> Task description:
Your task is to copy the listing exactly. Drop any pictures from the copy.
Data below section start
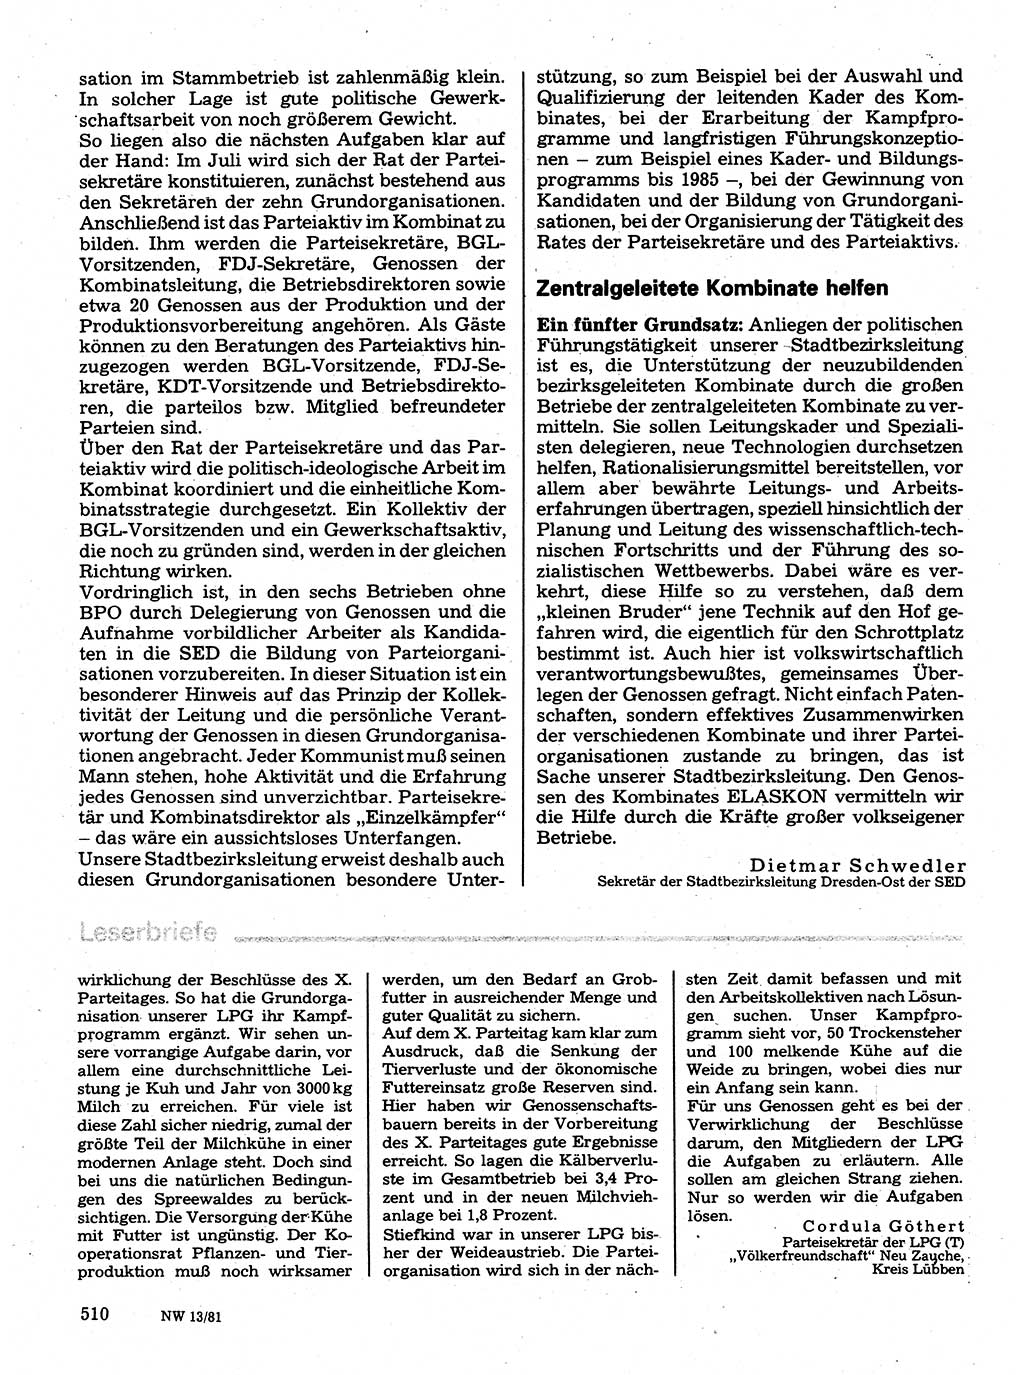 Neuer Weg (NW), Organ des Zentralkomitees (ZK) der SED (Sozialistische Einheitspartei Deutschlands) für Fragen des Parteilebens, 36. Jahrgang [Deutsche Demokratische Republik (DDR)] 1981, Seite 510 (NW ZK SED DDR 1981, S. 510)
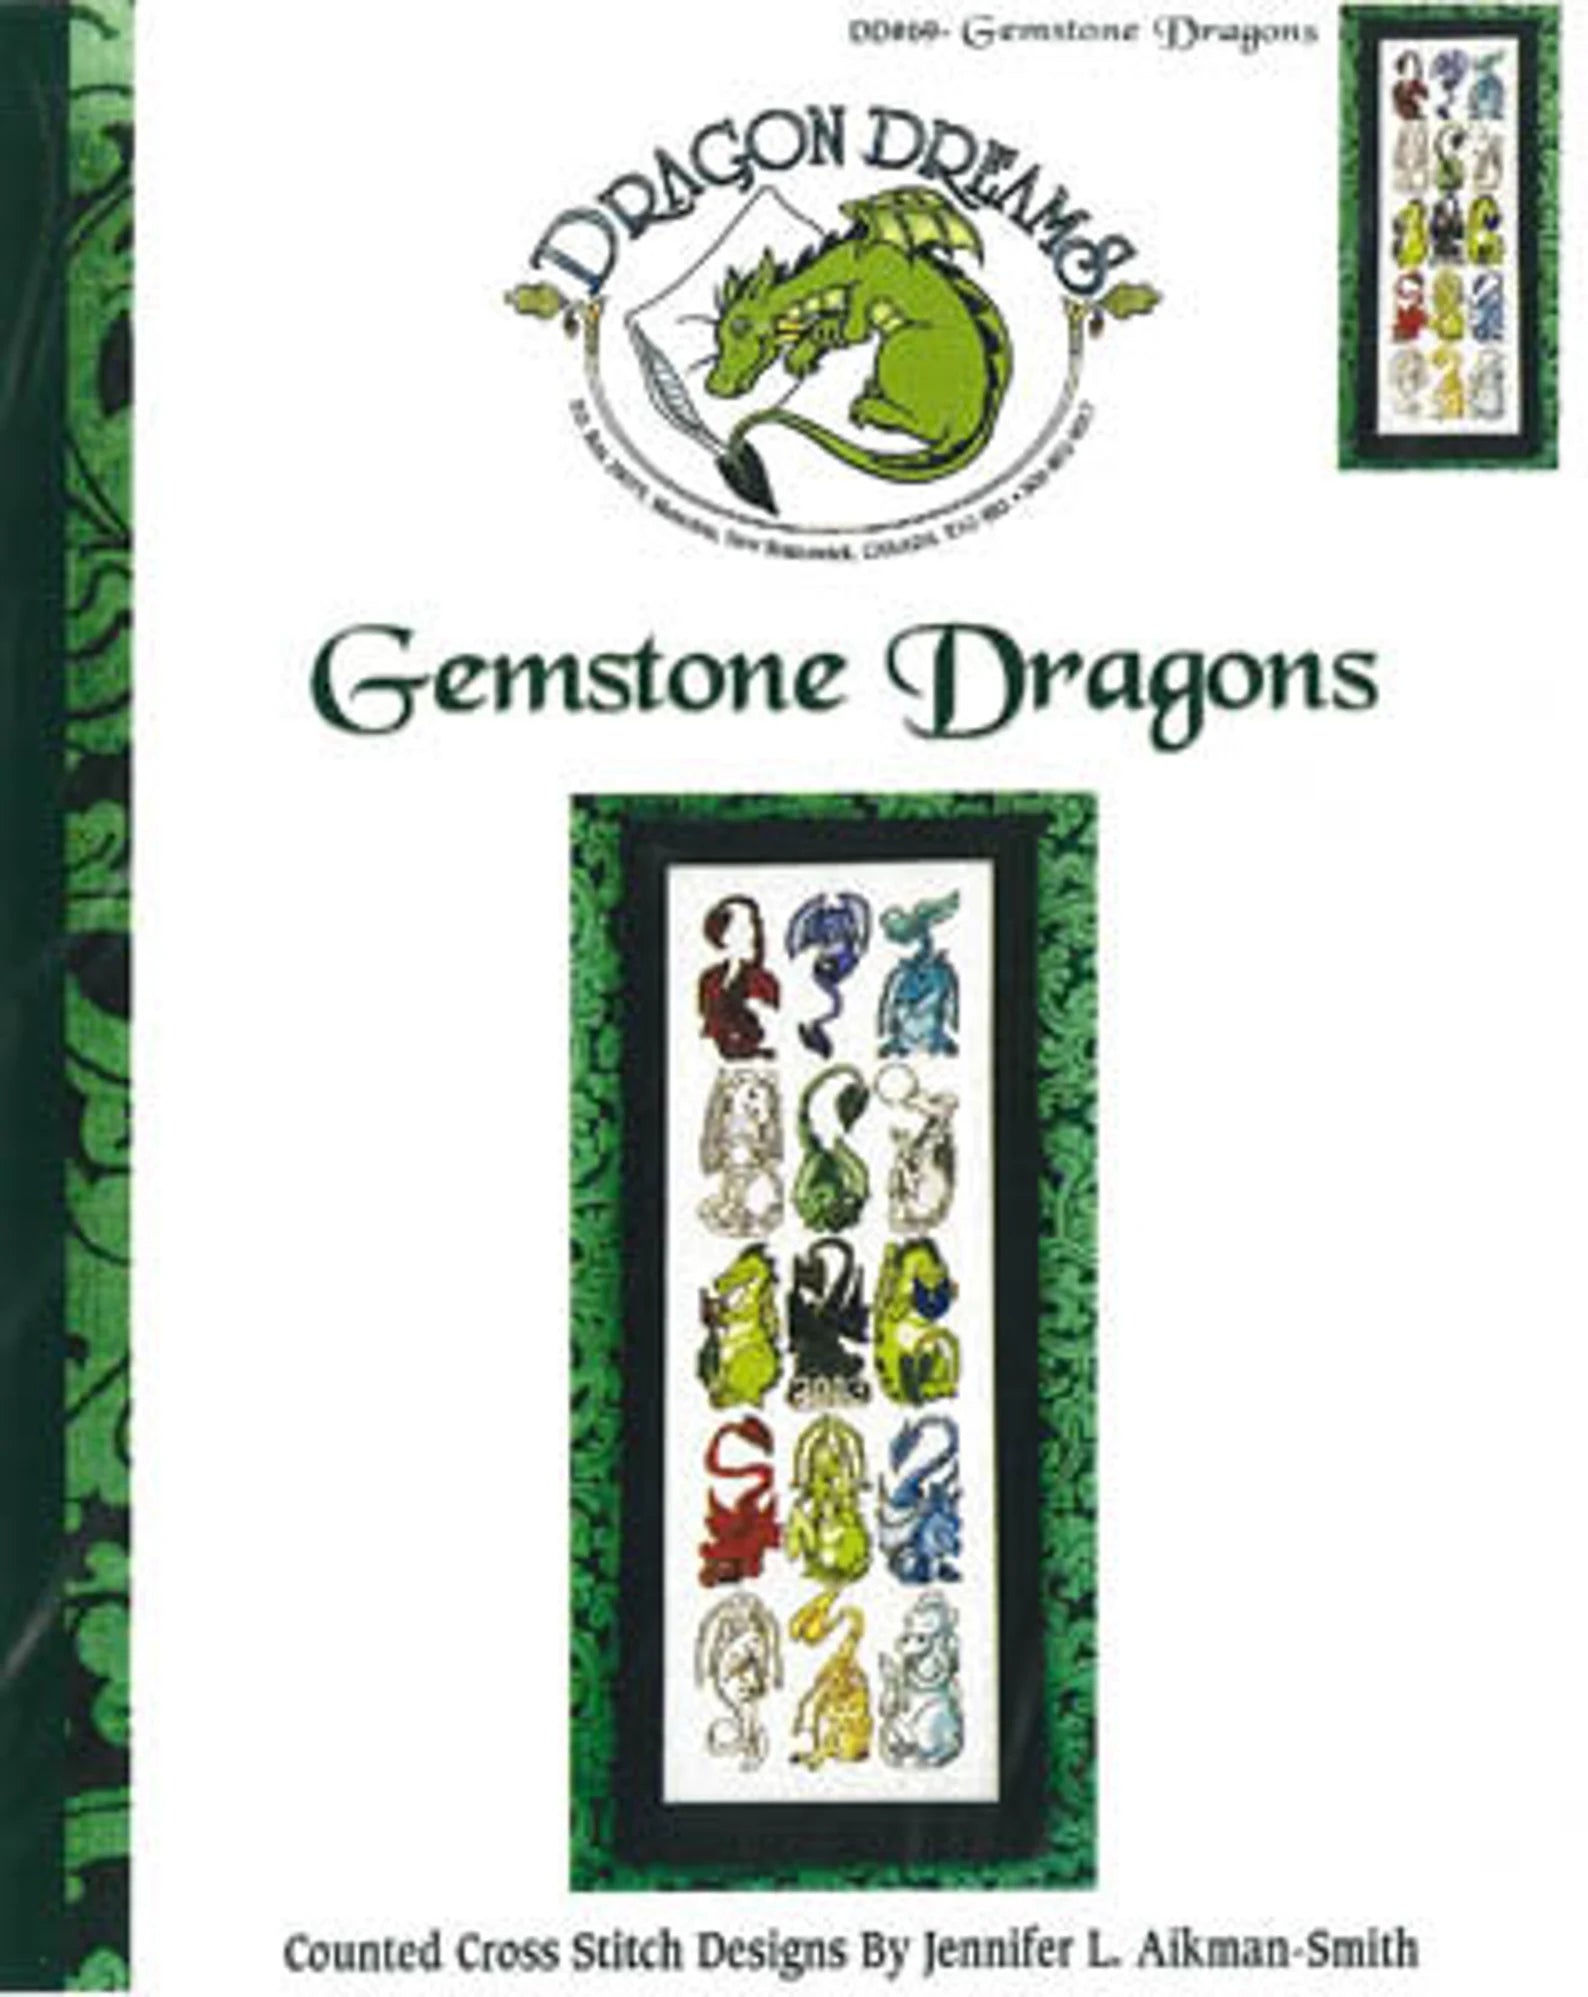 Gemstone Dragons by Dragon Dreams
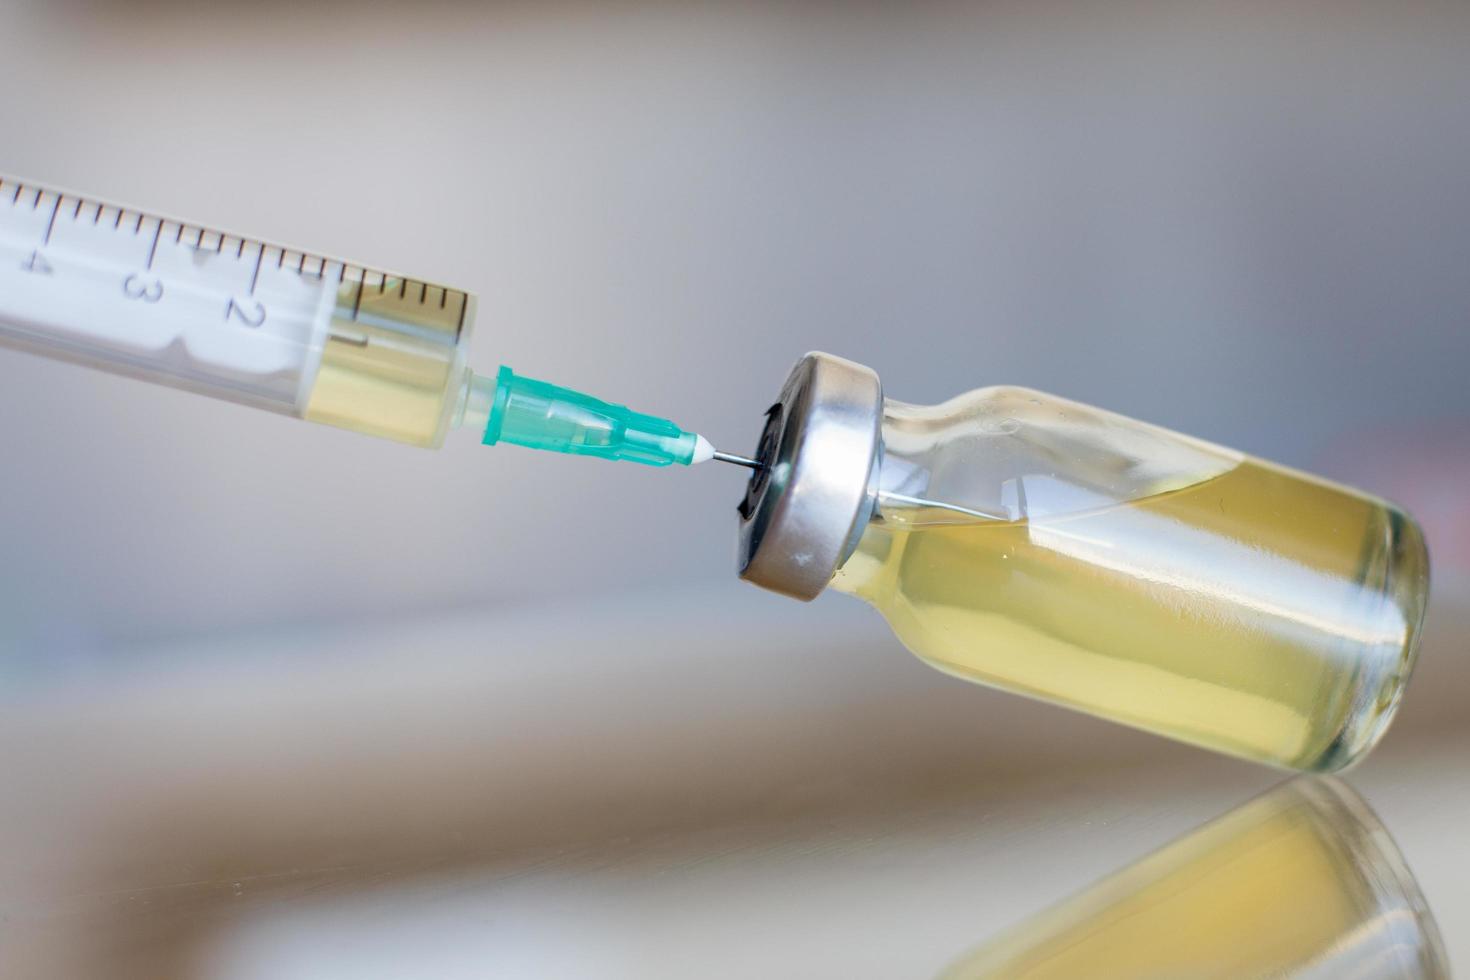 Fläschchen gefüllt mit flüssigem Impfstoff im medizinischen Labor mit Spritze. medizinische ampulle und spritze auf der glasoberfläche foto
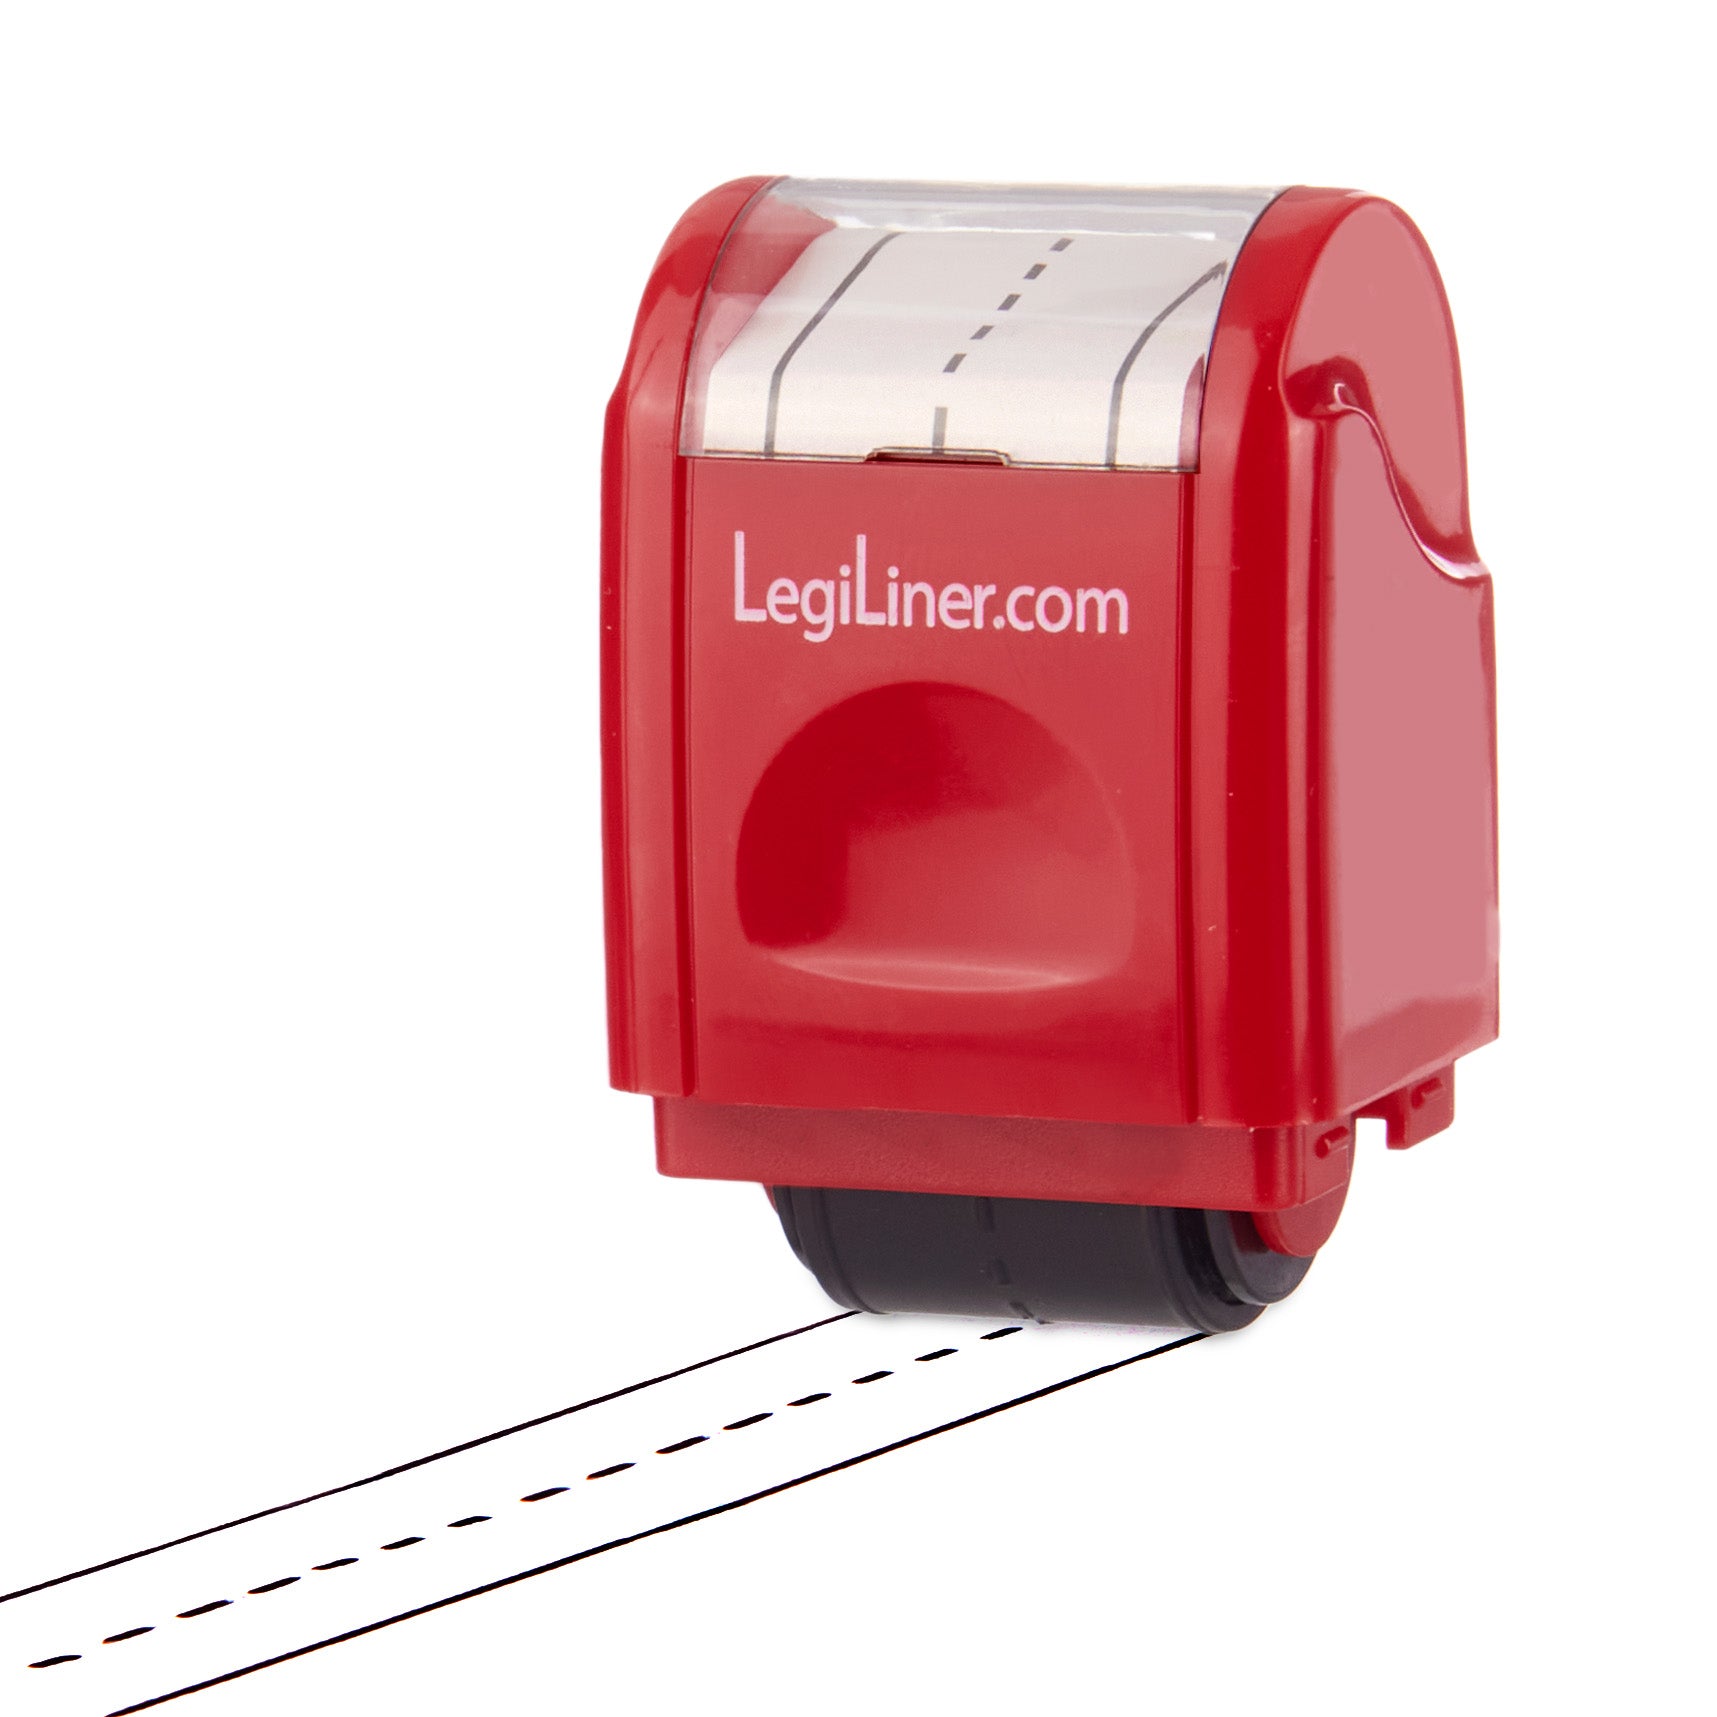 LegiLiner 1/2 inch line Rolling Ink Stamp
Data below section end
> Answer to this problem:
 Neuer Weg (NW), Organ des Zentralkomitees (ZK) der SED (Sozialistische Einheitspartei Deutschlands) für Fragen des Parteilebens, 36. Jahrgang [Deutsche Demokratische Republik (DDR)] 1981, Seite 510 (NW ZK SED DDR 1981, S. 510)
 Gemstone Dragons by Dragon Dreams
 Fläschchen gefüllt mit flüssigem Impfstoff im medizinischen Labor mit Spritze. medizinische ampulle und spritze auf der glasoberfläche foto
 LegiLiner 1/2 inch line Rolling Ink Stamp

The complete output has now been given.